Sonatype 2023 Supply Chain Report: Open‑Source Growth, Security Risks & AI

Sonatype released its latest "State of the Software Supply Chain" report, examining how to define better software in a world of abundant choices and exploring the profound impact of artificial intelligence (AI) on software development, as well as the intricate interplay between open‑source supply, demand, and security.

The report tracks the growth of open‑source applications in four major ecosystems: Java (Maven), JavaScript (npm), Python (PyPI), and .NET (NuGet Gallery).
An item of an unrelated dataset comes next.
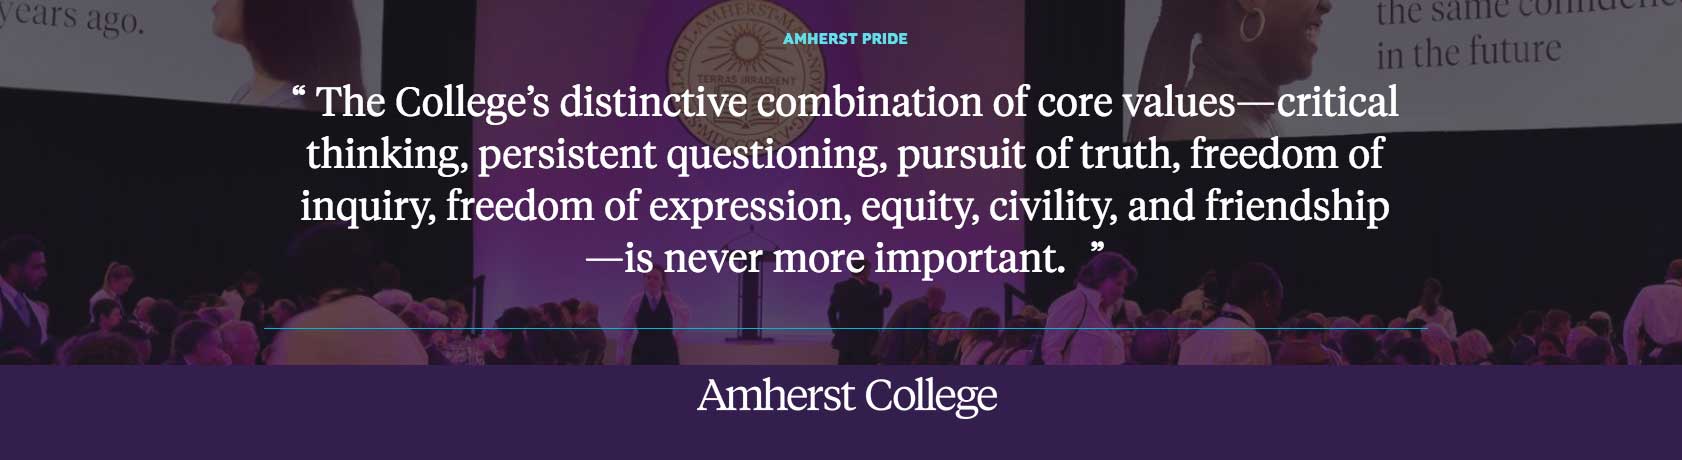 Quote from President Biddy Martin: "The College's distinctive combination of core values is never more important."

From 2022 to 2023, the number of available open‑source projects grew on average by 29%. In 2023, projects released an average of 15 usable versions, with each ecosystem offering 10 to 22 versions per project, resulting in roughly 1‑2 new versions per month and a total of 60 million new versions across observed ecosystems.

While the supply of open‑source components continues to rise, demand has not kept pace. Over the past two years, the download growth rate has declined, with an average growth rate of 33% in 2023 compared to 73% in 2021.

Security concerns remain acute: by September 2023, the research team identified 245,032 malicious packages, twice the total of previous years. One‑eighth of open‑source downloads contain known risks, and 23% of Log4j downloads still have severe vulnerabilities.

Active maintenance of open‑source projects is decreasing; nearly 19% of projects stopped being maintained last year, affecting Java and JavaScript ecosystems, and only 11% receive active upkeep. Nevertheless, Sonatype notes that about 96% of components with known vulnerabilities can be avoided by selecting non‑vulnerable versions.

Regarding AI in software development, 97% of surveyed DevOps and SecOps leaders report using AI in their workflows to some extent, with most using two or more AI tools daily. Adoption of AI/ML components in enterprise environments increased by 135% last year.

The report also highlights a gap between perceived and actual security: 67% of companies believe their systems are free of vulnerable code, yet 10% experienced security incidents due to vulnerable components this year. Detection times vary, with 39% finding vulnerabilities within 1‑7 days, 29% taking over a week, and 28% resolving them in less than a day.